Here’s my shot at it.

I’ve been married 8 years. Marriage is positively the greatest everyday happiness in my life.

I have a constant companion to share life with, to amplify the joy, to dampen the sadness. With each year of marriage, I find deeper support and comfort, a solid emotional foundation to stand on.

Marriage is unconditional love made tangible. Risks seem less daunting, thrills seem more exciting.  It’s supremely beautiful, far better than I imagined.  And I had high expectations.
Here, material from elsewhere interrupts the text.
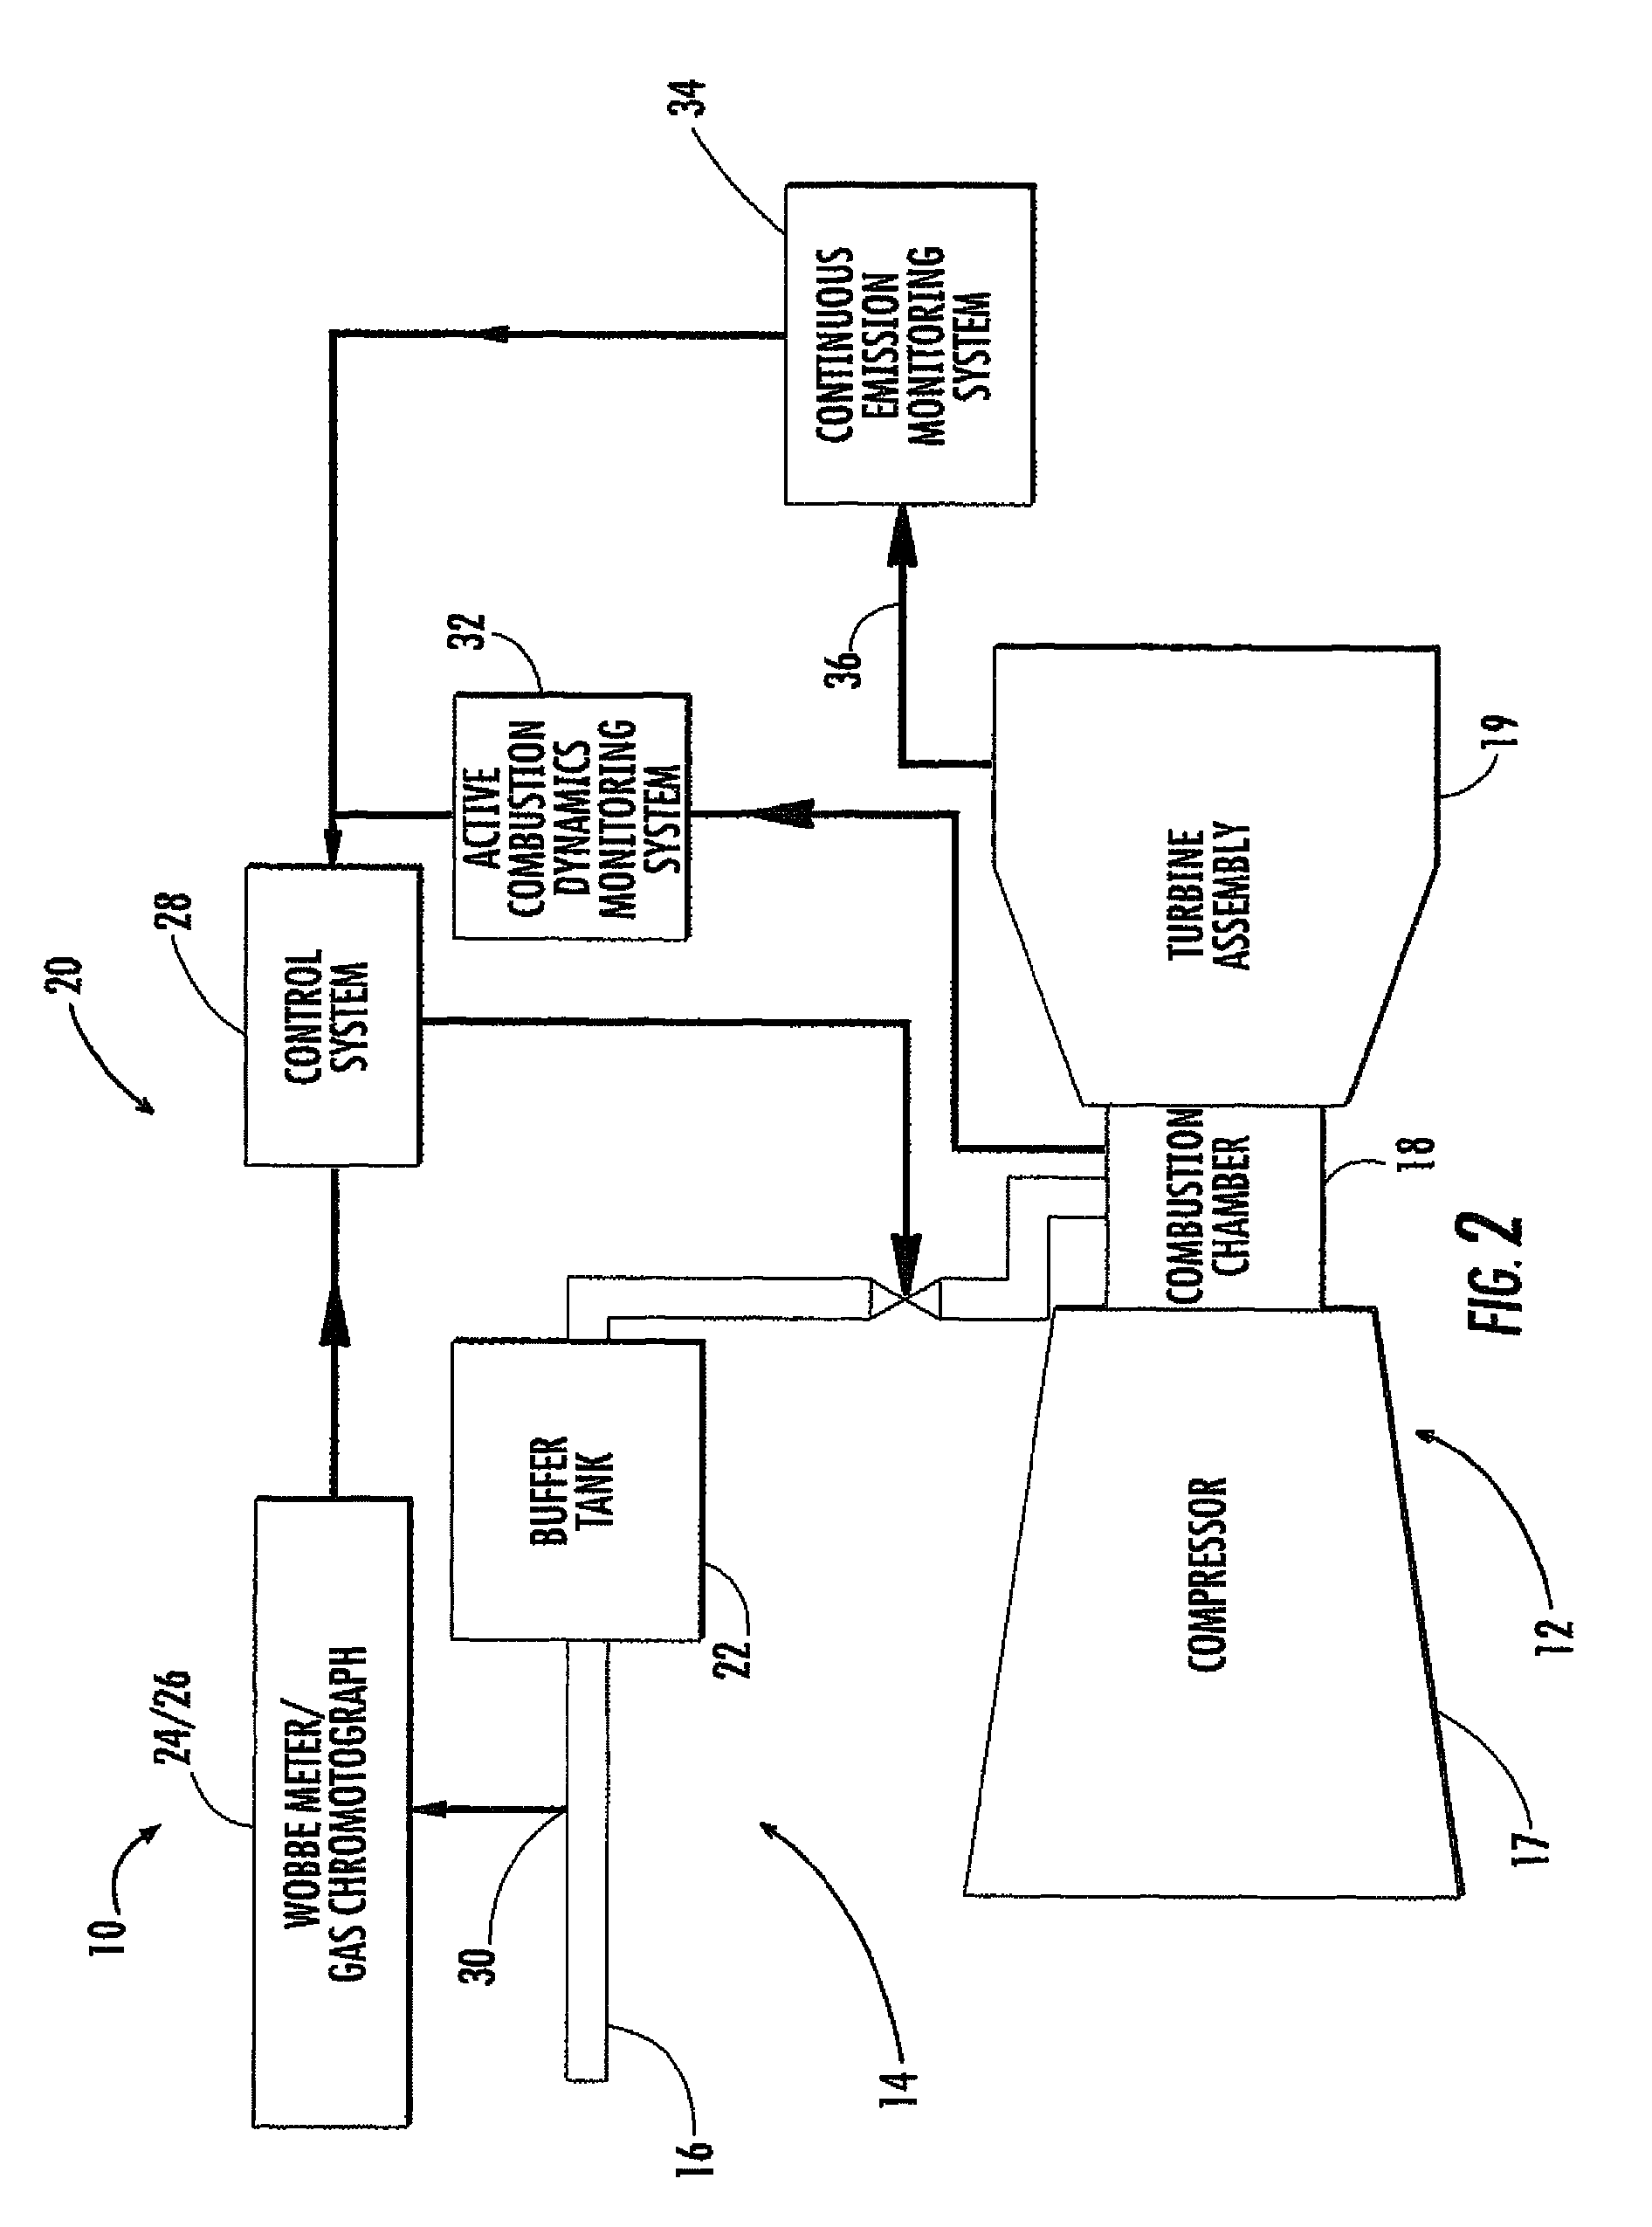 Integrated fuel gas characterization system

One piece of advice: I find that everyday grace is essential to marriage. Most of us want someone to accept us as we are. But we sometimes struggle to extend that same grace to our partners.  “An eye for an eye makes the whole world blind.” Gandhi said that.  So strive to extend this grace to one another daily. I know you will.
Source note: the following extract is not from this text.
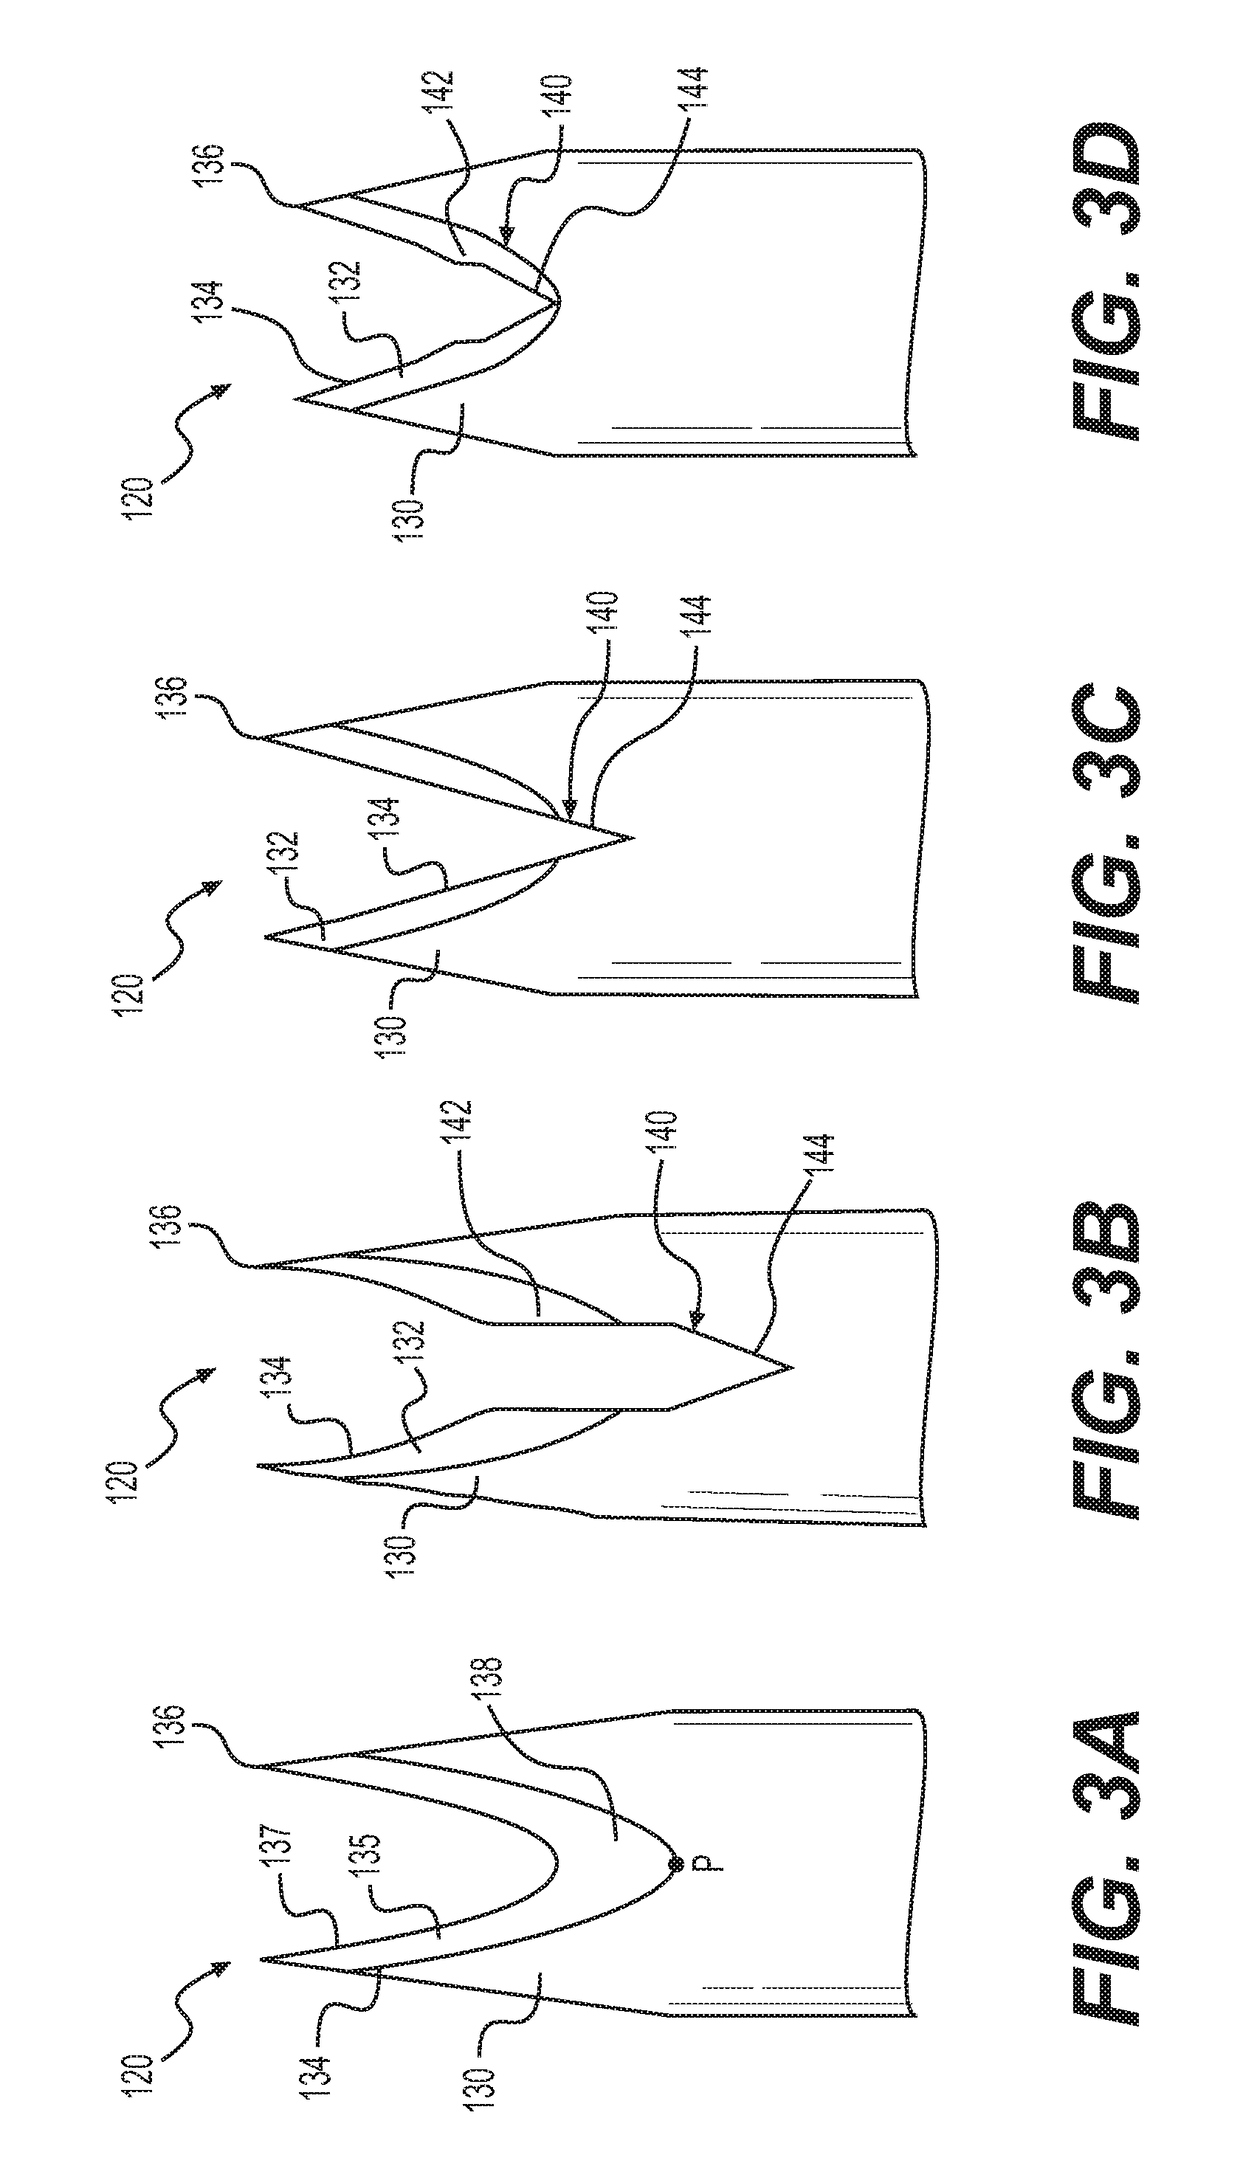 Endoscopic biopsy needle tip and methods of use

Now, my desire for both of you is this: that eight years from now, that even thirty years from now, you will attend a wedding where the one thing you’d want to convey is that marriage for you has indeed been supremely beautiful, far better than you imagined even on your wedding day.

Ladies and gentlemen, please join me in raising a toast.

To Caleb and Jordan: May you enjoy lifelong happiness together, walking side by side, blessing others. May you daily extend a full measure of grace to one another, packed down, flowing over. May people one day say of you, “There was a blessed couple who did justly, loved mercy, walked humbly with their God.”